Biggest Expectation for the 2014 Bears: Progress

| August 29th, 2014


These things are called duckies.

When a city boy is going whitewater rafting in the Rocky Mountains he expects to be in a large raft with several other individuals and have minimal influence on the proceedings. Sure he’s happy to drop a well-timed refrain of Pocahontas’ Just Around the River Bend or lightly tap somebody on the ass with his oar. But he really doesn’t want a major role in the maneuvering of the watercraft.

Not in a ducky. A ducky, pictured above, is more an inflatable kayak. I piloted one of these devices, if you’d like to call what I did piloting, down the Roaring Fork Valley. Because I was terrible at this and managed to hit every rock available for contact, I spent much of my journey with the kayaked guide at the rear of the field. (If this were a race I would have been the guy receiving thunderous applause for merely finishing.) The guide, called Ryan because everybody in the Aspen area seemed to be named Ryan, was a die hard Denver Broncos fan. We had time to speak.

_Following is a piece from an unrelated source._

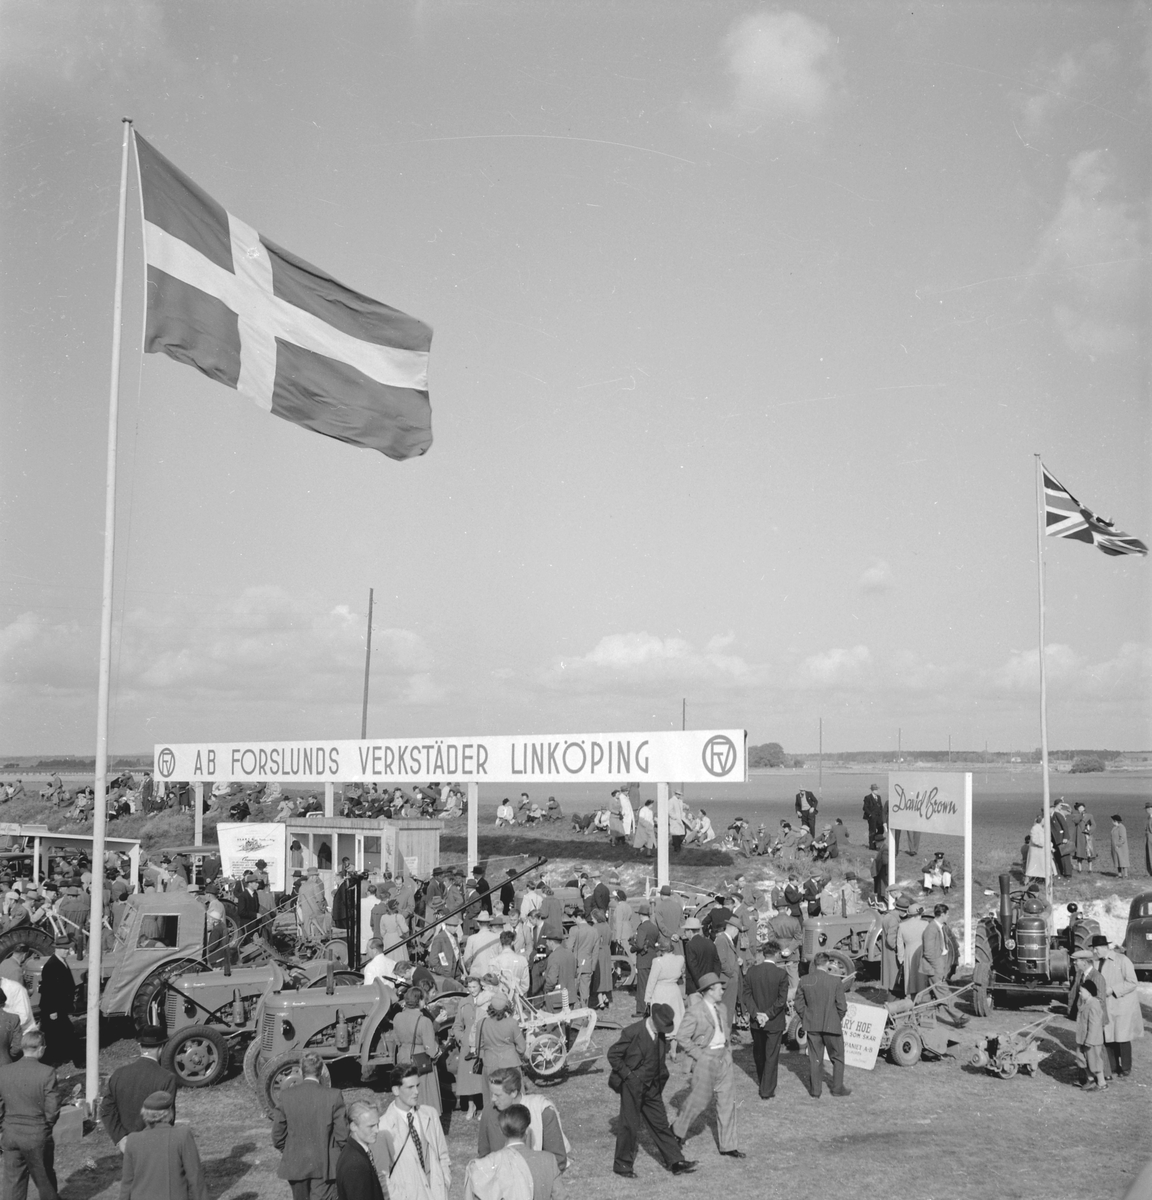 Motiv från 1950 års Tornbyutställning i Linköping. Arrangemanget var vid tiden landets största återkommande jordbruksmässa med upp till 60 000 besökare. Bilden visar Forslunds verkstäders mässplats.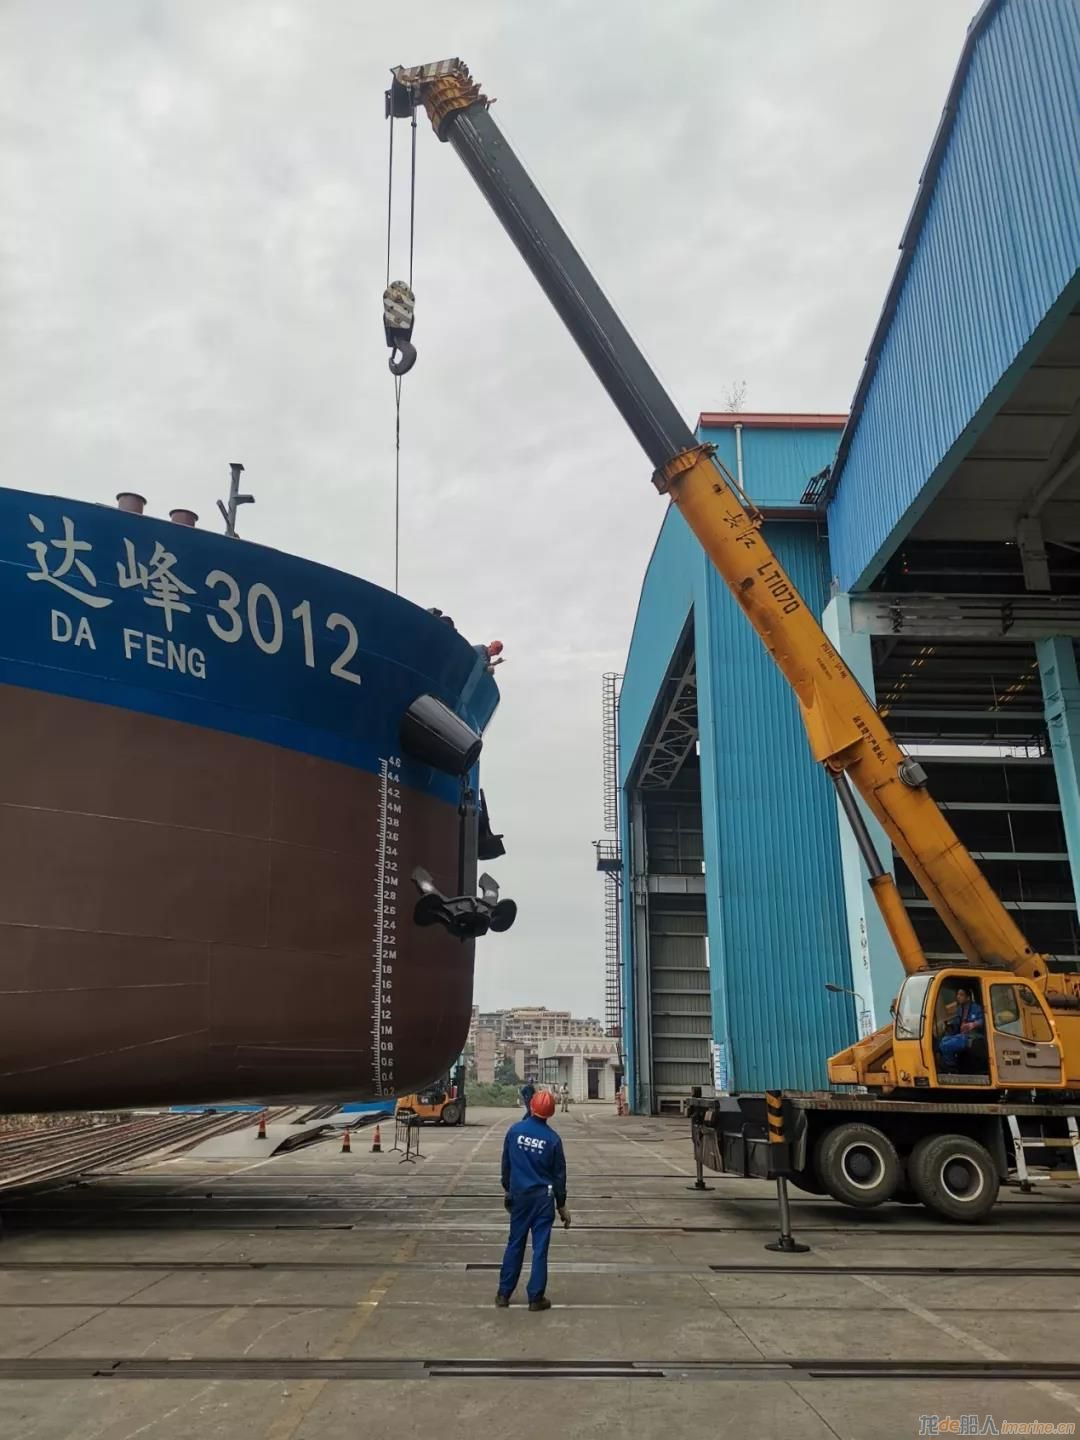 中船广西“绿色珠江”工程3000DWT系列9#船“达峰3012”

The Denver Broncos broke offensive records a year ago. They were the most exciting team in the sport by a significant margin. They won the AFC seemingly uncontested. Then they botched a snap in front of the world’s largest television audience and the happiness kite drifted from the young child’s hand into the cloud-lined sky, never to be seen again. To hear this shaggy marijuana machine in a kayak talk of his beloved team’s 2013 campaign, you’d think they shamed the state of Colorado and all members of the Elway family with a 3-13 record.

They finished second in the NFL. Better than thirty other franchises. Only worse than one. And that’s the harsh reality of the NFL. Only one team, only one city, only one fan base leaves the season firmly satisfied. Nobody derides the club that loses the World Series or Stanley Cup Finals or NBA Finals (unless LeBron James is on that team). They give large trophies to the runners-up at golf and tennis major championships and grand slams. Supporters of the English Premiere League’s second-place side don’t pout in kayaks.

The loneliest loser in all of professional sports is the team failing on Super Bowl Sunday. So how does one set fair expectations for an NFL season?